Abstract 5662
Background
The purpose of this study was to explore the efficacy and safety of everolimus administered as first-line treatment in newly diagnosed patients (pts) with metastatic or inoperable gastroenteropancreatic neuroendocrine tumors (GEPNETs).
Methods
This phase II, multicenter, single-arm clinical trial, included pts with advanced GEPNET of well or moderate differentiation and a Ki67<20%. Everolimus 10mg/day was administered until disease progression. All pts’ tumors were non-functioning; 18 pts (72%) received concomitantly octreotide long-acting release (LAR) 30mg/month. Endpoints of the study included progression-free survival (PFS), objective response to treatment (RECIST 1.1) and safety.
Results
After a median follow-up of 53 months, twenty-five pts (G1:11 pts, G2:14 pts; Ki67≤2%:11 pts, Ki67=3-19%:14 pts; pancreas:10 pts, GI:15 pts) received a median of 5 treatment cycles per patient. Centrally assessed radiographic responses in 23 evaluable patients included 43% PR, 48% SD and 9% PD. Of the 18 pts receiving octreotide LAR and everolimus, 9 patients had SD and 9 PR. The median PFS was 14.6 months, while the 15-months PFS rate was 48%. No fatal reaction occurred. Twenty-three grade 3-4 events were recorded (14 pts; 56%). Among them, 19 events were assessed as related to treatment and included stomatitis (G3: 3 pts; 12%), diarrhea (G3: 2 pts; 8%), CPK increase (2 pts; 8%), GGT increase (2 pts; 8%), hypokalemia/hypomagnesemia (1 pt; 4%), neutropenia (G3:1 pt; 4%), anemia (G3: 1 pt; 4%), and hyperglycemia (G3:1 pt; 4%). 8 serious adverse reactions to everolimus (6 pts; 24%) occurred. 6 (5 pts; 20%) were grade 3-4, namely mucositis G3/ bacteremia G3 (1 pt; 4%), pneumonia G3 (1 pt; 4%), diarrhea G3 (1 pt; 4%), and CPK G3 (1 pt; 4%) and G4 (1 pt; 4%). Baseline chromogranin A < 4x ULN was found to be associated with improved PFS as compared to higher values (HR = 0.34, 95% CI 0.11-1.02, Wald’s p = 0.055).
Conclusions
This prospective phase II study confirms everolimus's efficacy as upfront therapy and provides for the first time high rates of partial responses in advanced GEPNETs attributed to the combined effect of everolimus and octreotide LAR.
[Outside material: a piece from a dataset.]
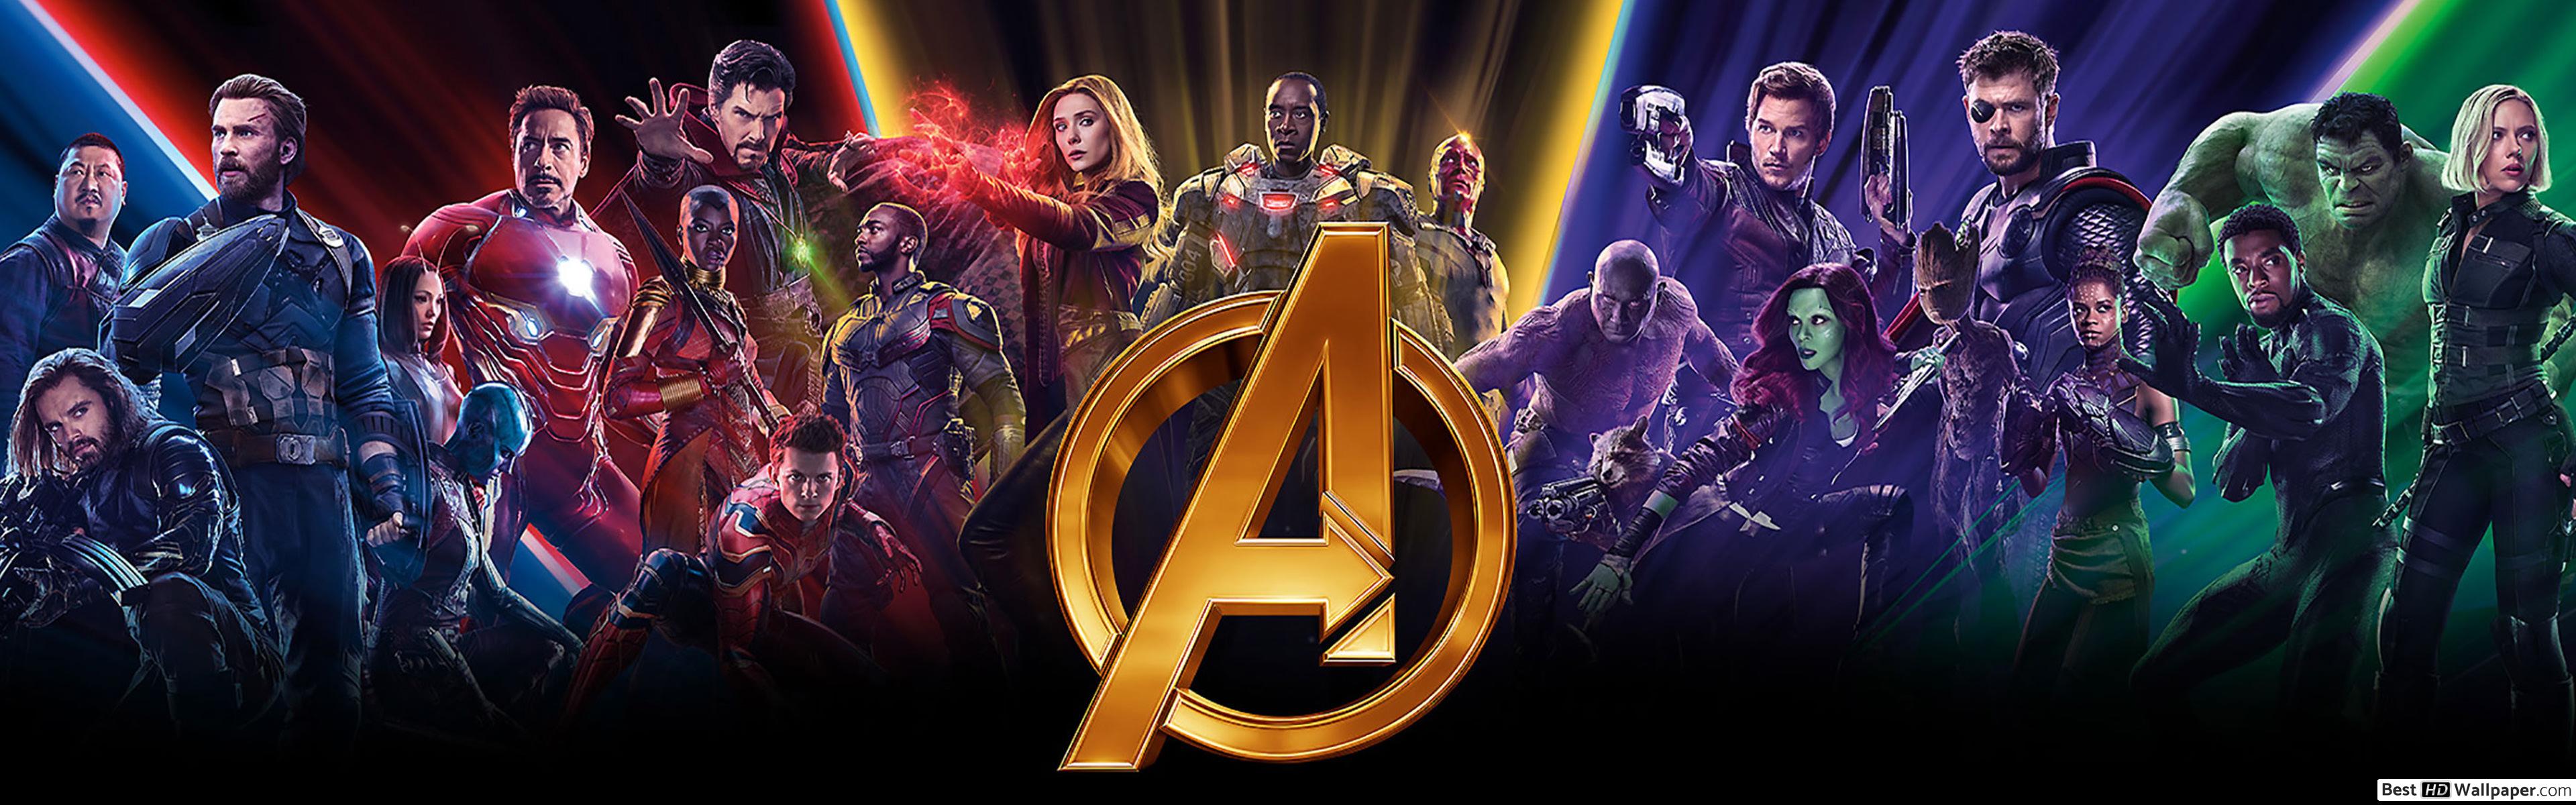 Avengers Endgame Dual Screen Wallpapers

Clinical trial identification
NCT01648465.
Legal entity responsible for the study
Hellenic Cooperative Oncology Group.
Funding
Hellenic Cooperative Oncology Group, Novartis.
Editorial Acknowledgement
No
Disclosure
A. Koumarianou, D.G. Pectasides, G.A. Kaltsas, E. Samantas, G. Pentheroudakis: Honoraria for advisory board: Novartis. All other authors have declared no conflicts of interest.